День джихада
— Тряпка, ну и что? У них все фанатики такие носят.
— Точно, фанатики. А написано на ней: «Ла иль ллах илля ллахи». Иначе говоря, «Нет бога, кроме Аллаха». Это означает, что парень готов предстать перед своим Создателем и даже сам стремится к этому. А ты решил лично помочь ему стать святым.
— А какая разница — шлепнем мы его или повесим? Душа вон в любом случае.
— Так, сержант, да не так. Убьешь его, дух выйдет из горла и напрямую к престолу Аллаха. В райские кущи. Там у них девки, еда, питье… А повесим, у духа не останется иного пути, как выйти через задницу…
Милиционеры загоготали, представив себе такую картину, а Шавлахов дернулся. Он чувствовал, что его сознание мутится.
— Чего ржете? — Полуян не поддержал веселья подчиненных. — Думаете, Аллаху будет приятно видеть бессмертную душу своего героя, борца за веру, перемазанную в дерьме?
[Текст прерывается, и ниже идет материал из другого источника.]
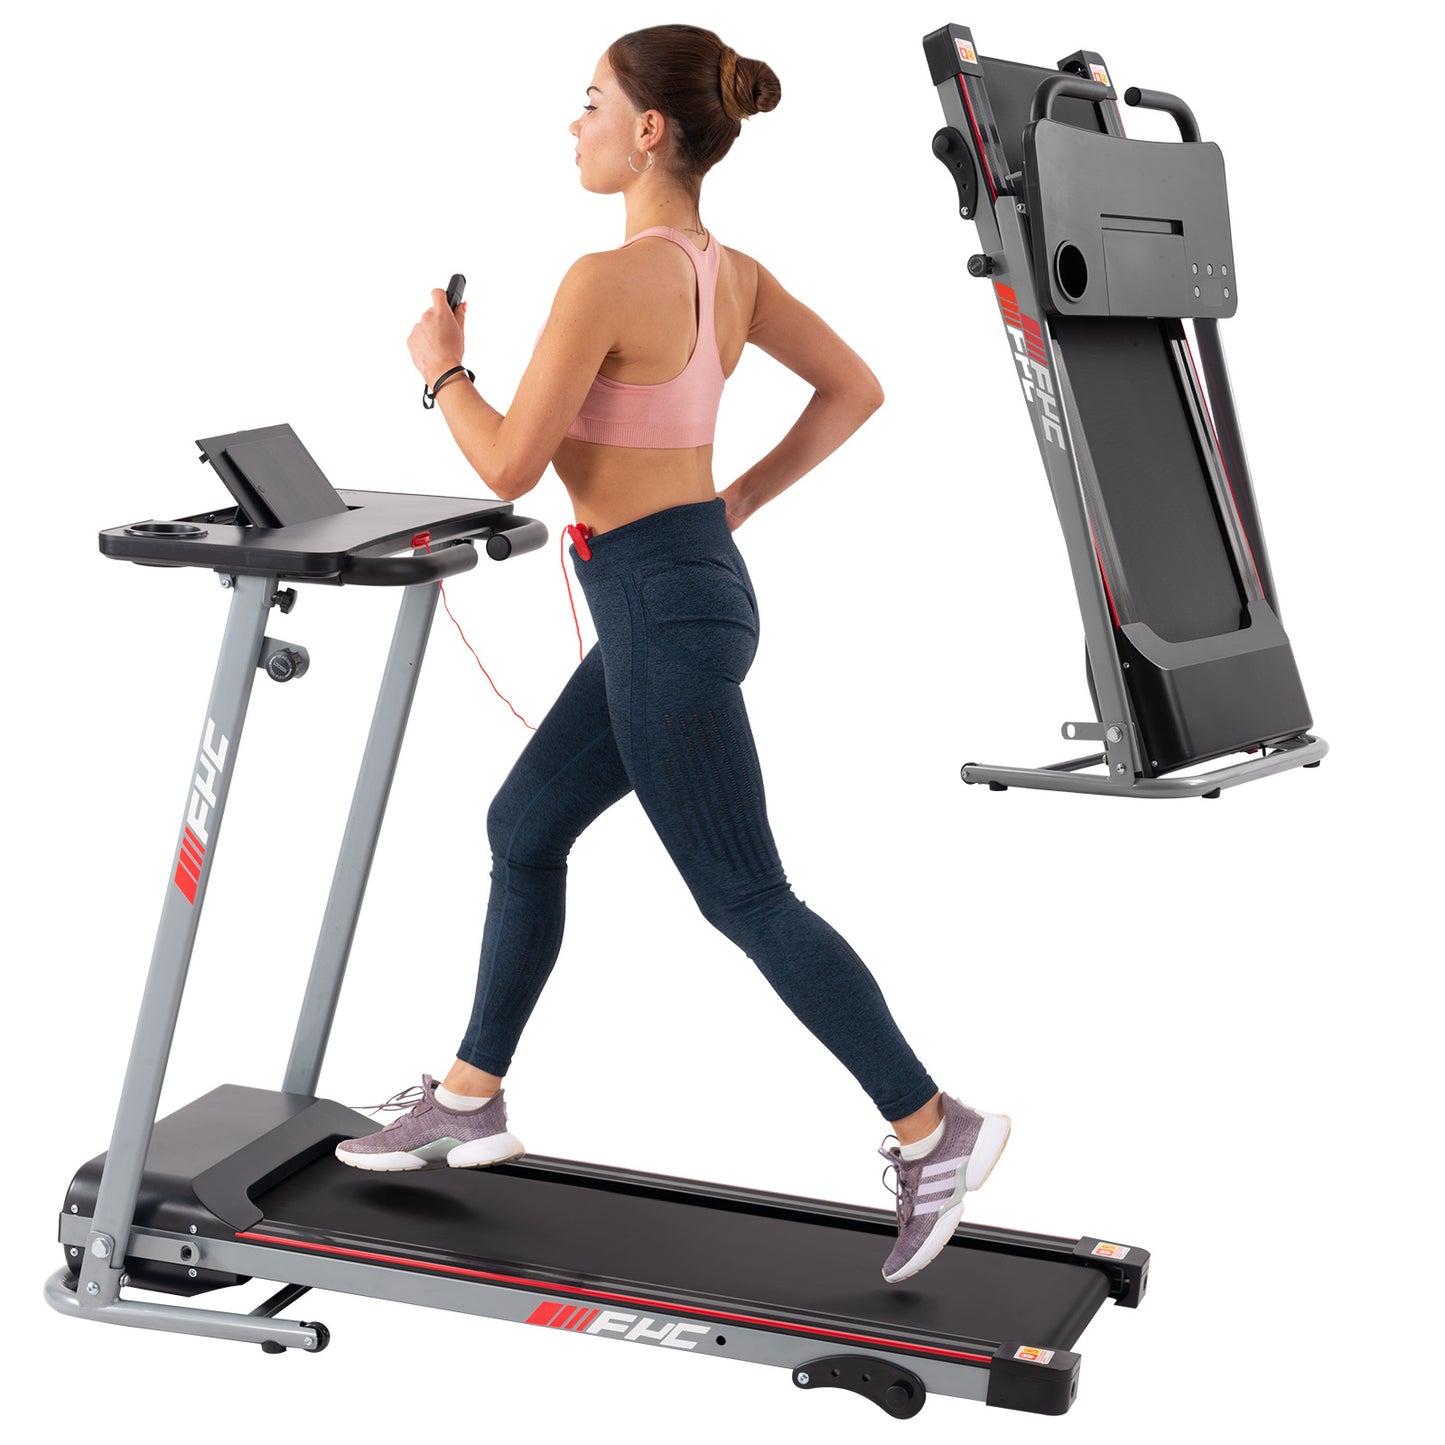 FYC Folding Treadmill for Home with Desk - 2.5HP Compact Electric Treadmill for Running and Walking Foldable Portable Running Machine for Small Spaces Workout;  265LBS Weight Capacity

— Ну, командир! — Тараненко не скрывал веселья. — Да я сам сейчас за веревкой слетаю. Пока Ярцева ждать — бык отелится… Ну и ну! Про душу я и не подумал! Надо же! Откуда вы знаете?
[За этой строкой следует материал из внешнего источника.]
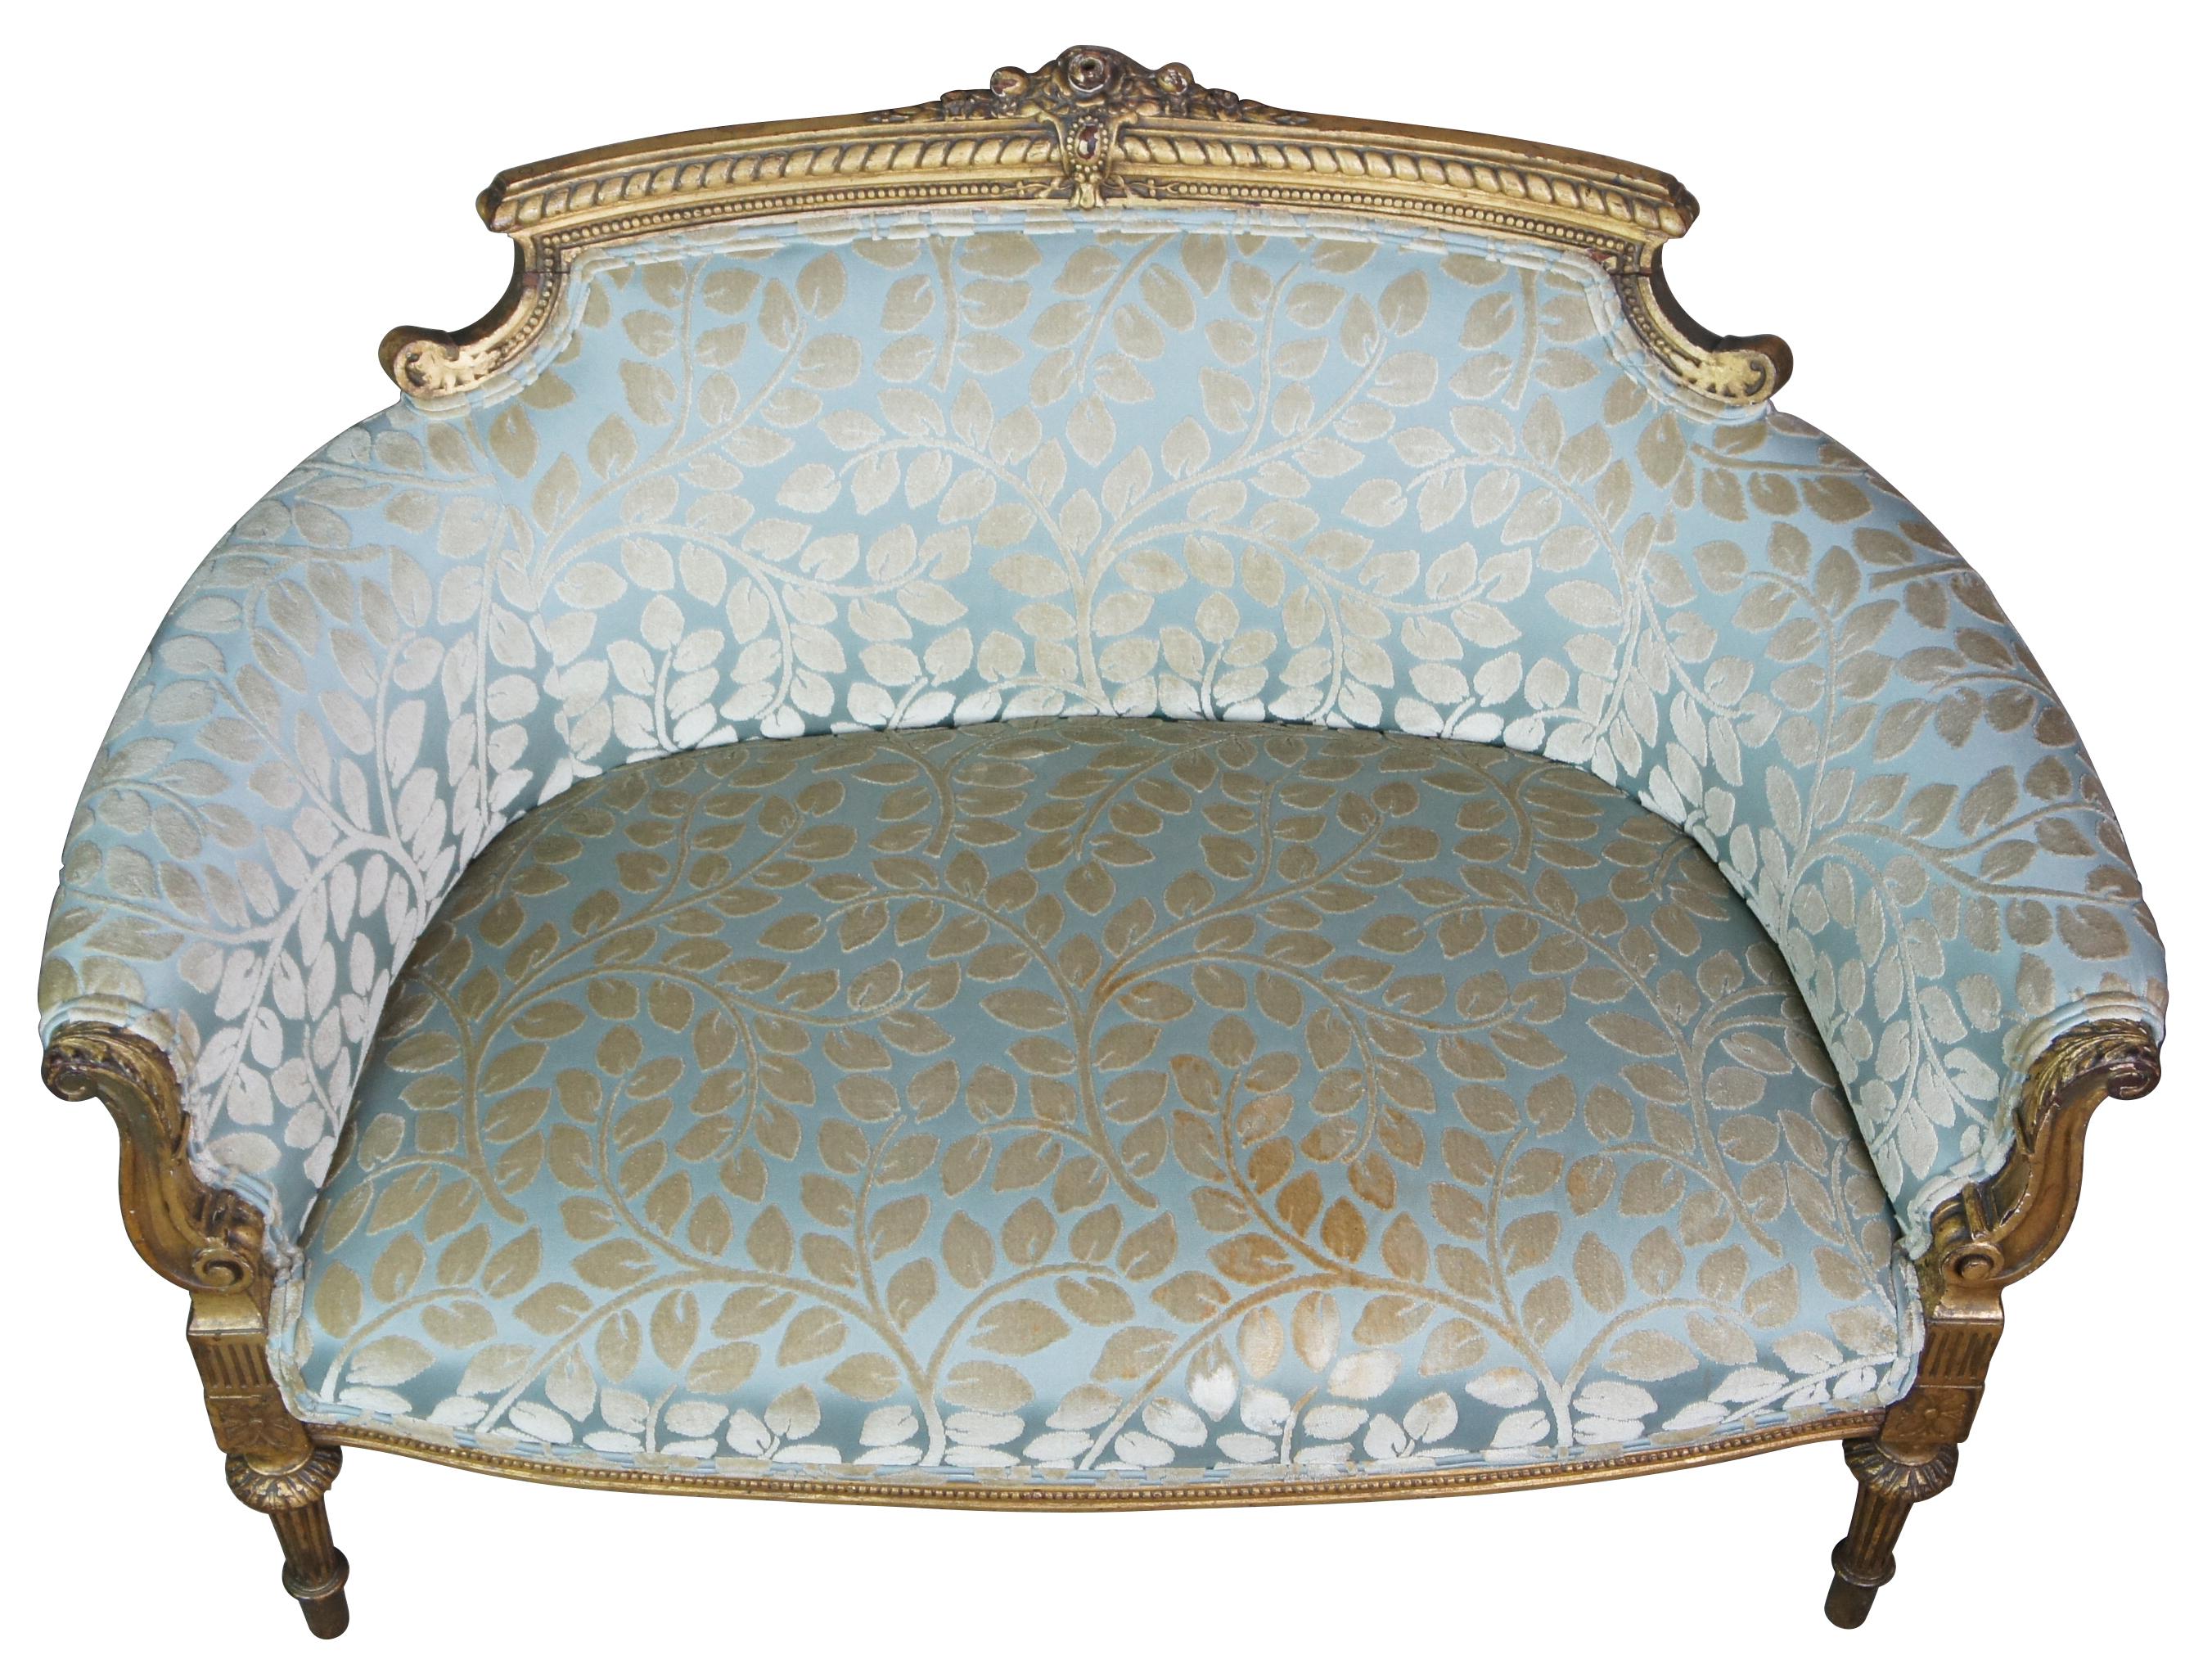 A quaint mid-19th century French settee. Features a flared and carved giltwood frame with a light blue upholstering featuring a raised white velour floral leaf pattern. Includes classical Louis XVI motifs with floral medallions, turned and tapered

— Да уж пришлось. В Афгане подобных ему хватало. А перехватишь горло веревочкой, душа из него вон. Если честно — очень вонючая у них душа…
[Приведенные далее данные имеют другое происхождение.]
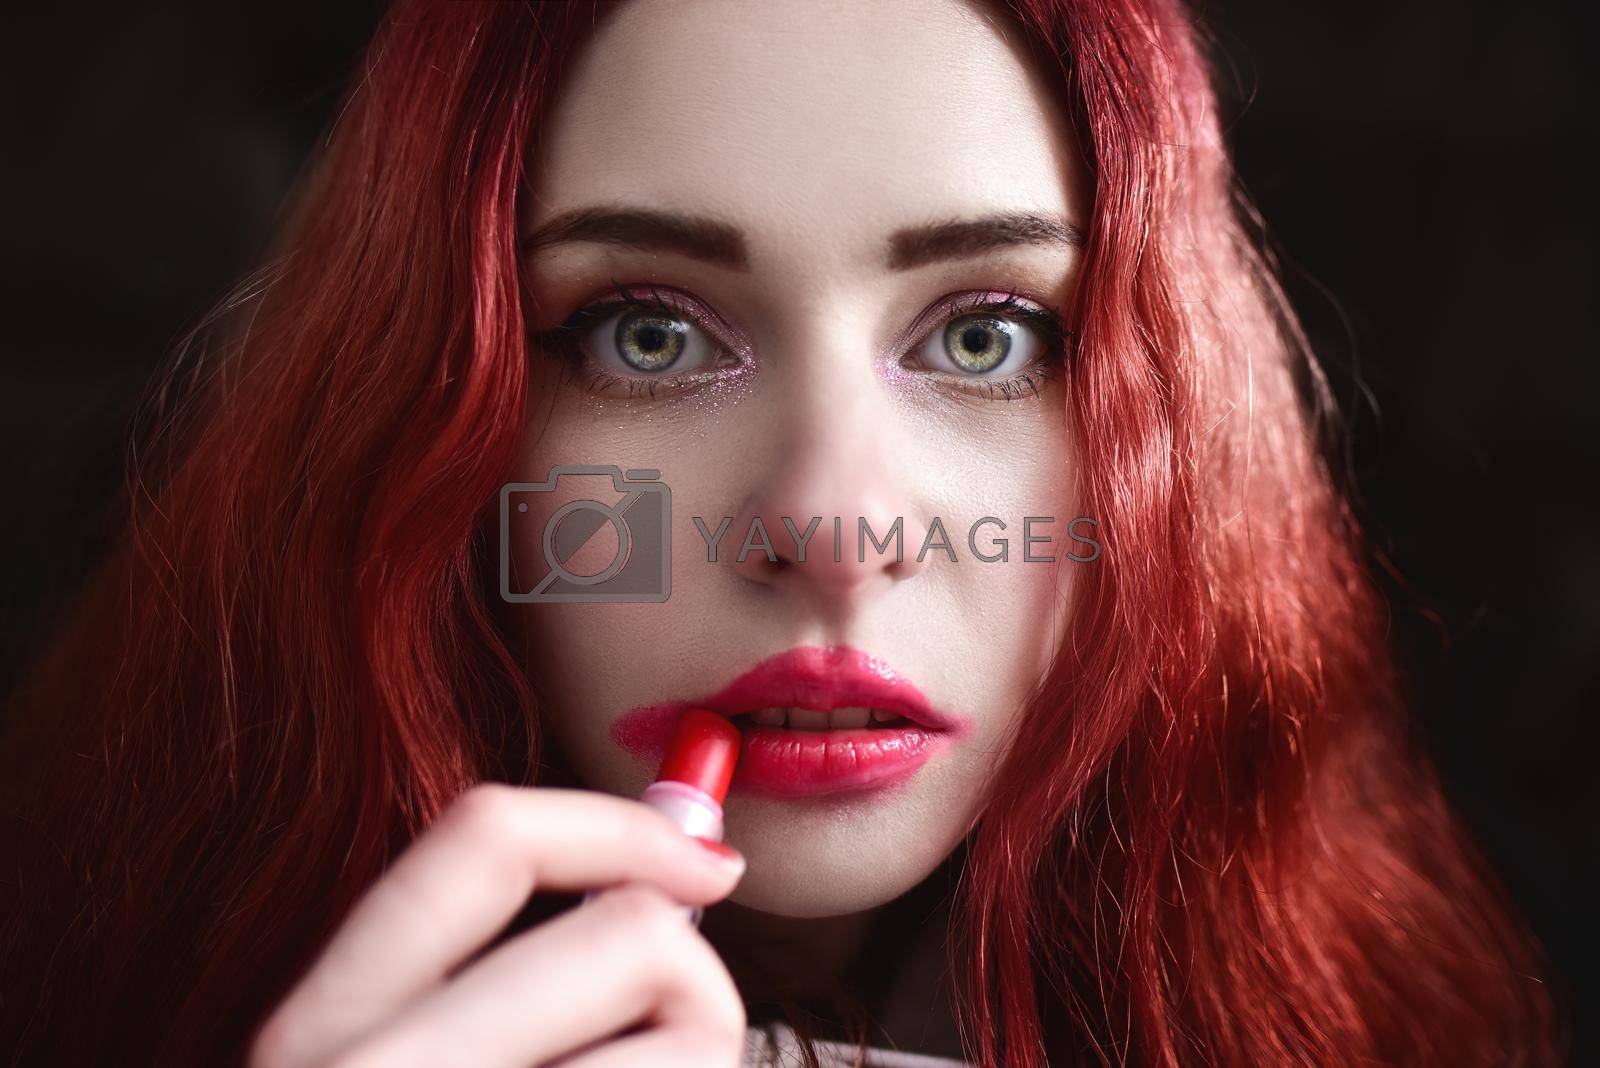 Royalty free image of Headshot of beautiful woman with nice make-up smearing red lipstick on her face, black background by Nickstock

Боевой командир Полуян сам в жизни никого не мучил, не вешал, но сейчас рассказывал об этом так, что у Шавлахова не возникло и тени сомнения в правдивости его слов.
Тараненко, вышедший на несколько минут из помещения, вернулся с куском синего телефонного провода.
— Командир, веревки нет. Может, обойдемся этим?
Шавлахов рухнул на колени. Вытянул перед собой руки в стальных браслетах.
— Товарищи! Братья! Не надо! Я только маленький человек! Меня запугали. Податься некуда. Теперь вы убить хотите. Те, кто меня послал, тоже смертью грозили. Сказали, что всю семью вырежут…
— Встань, — Полуян говорил спокойно и рассудительно. Надо было по мере возможности вселить надежду в перепуганного мерзавца. — Выкладывай все, что знаешь. Кому везешь оружие? Для какой цели? Когда собираетесь выступать?
— Когда, не знаю. Клянусь, мне об этом не сказали. Привез для боевиков. Они будут делать налет на Ковыльную. Клянусь Аллахом, чистая правда. Только не убивайте…
Шавлахов рассказывал обо всем, что знал, почти час. А вечером того же дня милиция произвела в станице Ковыльной аресты. Тихо и решительно.
18
Чигирик снимал «угол» в доме у вдовы директора совхоза «Красный гигант» Дарьи Семеновны Шпак.
Большой каменный особняк утопал в яблоневом саду, где осенью землю усыпали крупные краснобокие плоды.
Дарья Семеновна была женщиной простой и хозяйственной. «Угол», который она с удовольствием уступила Чигирику, представлял собой две светлые комнаты с окнами, выходившими в сад.
Появление в доме Нарбики Дарья Семеновна встретила доброжелательно. Она считала ненормальным, что ее квартирант — видный, самостоятельный мужчина, офицер — не удосужился до сих пор обзавестись семьей.
А Нарбика первым делом отправилась на почту и дала телеграмму в Ростов-на-Дону, куда уже наверное выехала Деша:
«Ростов-на-Дону. Почтамт. До востребования. Нахаевой Деше. Приезжай Ковыльную. Жду. Нарбика».
Свадьбу капитан Анатолий Чигирик и Нарбика Нахаева назначили на осень. Надо было поднакопить деньжат. Жалованье офицера, которое в российской армии ко всему платили нерегулярно, не позволяло молодым прямо сейчас собрать гостей и закатить пир на весь мир.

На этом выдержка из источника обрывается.